Mortgage applications fall on rate gains

The Mortgage Bankers Association (MBA) reported mortgage applications fell 21% overall for the week ending Oct. 10. The Purchase Index was down 19%, while the Refi Index dropped 22% to 2340. Analysts were not expecting such a large impact on the Refi Index this soon. As a percentage of total applications, refinancings were 53.9% versus 55% in the previous report. ARM share, meanwhile, increased to 25.2% from 22.7%. Lehman expects the Refi Index to be close to 2000 in the coming weeks.

For the week ending Oct. 17, mortgage rates gained 10 basis points, according to Freddie Mac's survey. The 30-year fixed rate is now at 6.05%, the 15-year rate at 5.36%, and the one-year ARM is 3.79%. In the past two weeks, the 30-year fixed rate has gained 28 basis points, and the 15-year fixed rate is up 26 basis points.

Prepayments

expected to slow in October

The September and early-October performance in rates and the Refi Index suggests a slowing in declines in prepayment speeds. Also suggesting higher prepayment speeds than originally anticipated for October was the less-than-expected slowing in prepayments for September. At this time, consensus expectations are for Fannie Mae 2002 5.5s to prepay at 19% CPR, down 26% from September. Meanwhile, 2002 and 2001 6s are predicted to decline about 20%, to 40% and 49% CPR, respectively. Also, 2002 6.5s are anticipated to prepay at 57% CPR versus 62% last month, and 2002 7s are expected to slow to 57% CPR versus 60%. Looking ahead to November, speeds are forecast to slow about 10% for most coupons and vintages, and then increase back up to October levels in December.

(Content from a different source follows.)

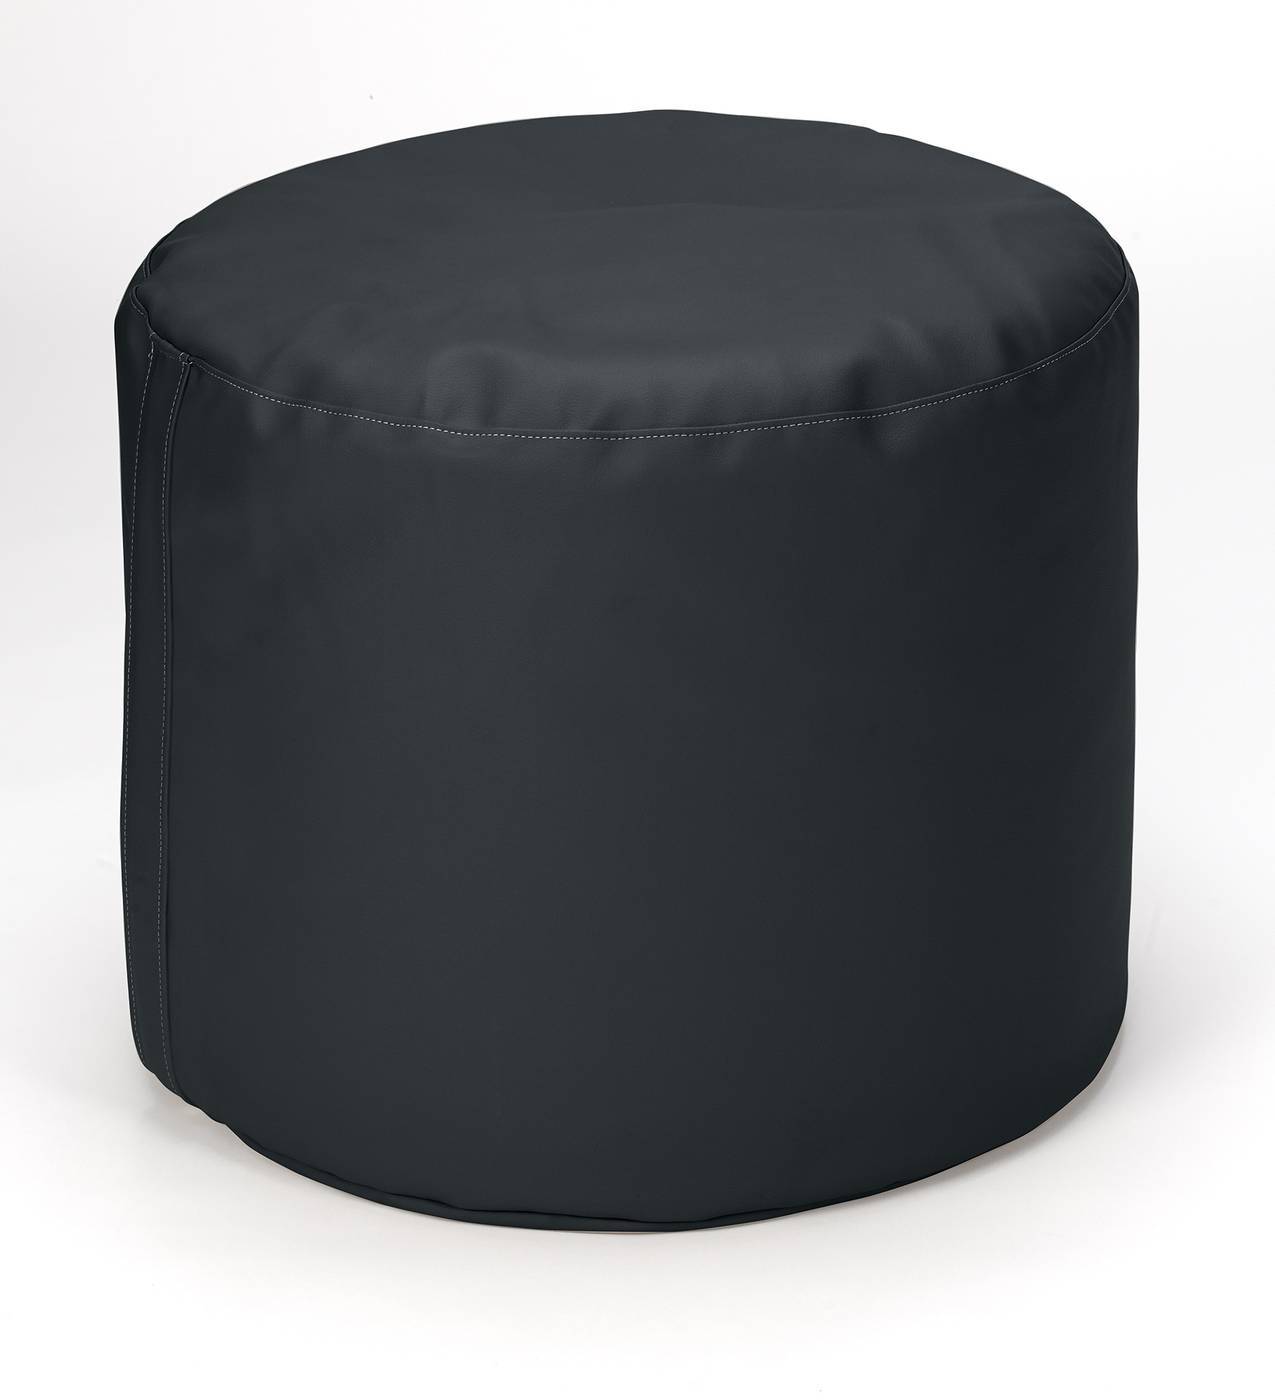 Pouf redondo para dormitorio, tapizado en polipiel de alta calidad color negro

As a result of current market conditions, there is still a lot of uncertainty regarding prepayments, suggests Walther Schmidt, senior vice president with FTN Financial Capital Markets. This is because a relatively moderate shift in rates has a big impact on the amount of the market that becomes refinanceable or vice versa. Currently, about 32% of the 30-year market is fully in the money, and 53% of the market is marginally refinanceable. If rates shift down 50 basis points, 53% of the market becomes fully in the money, and 83% becomes marginally in the money. A 50 basis point increase results in just 14% of the market remaining fully refinanceable and 32% marginally. "With just a 100 basis points range, either 83% or 14% of the market is subject to prepayments," says Schmidt.

During the past year, the range in the 30-year Freddie Mac survey rate has been 123 basis points, according to his analysis, and the standard deviation puts the range at over 60 basis points.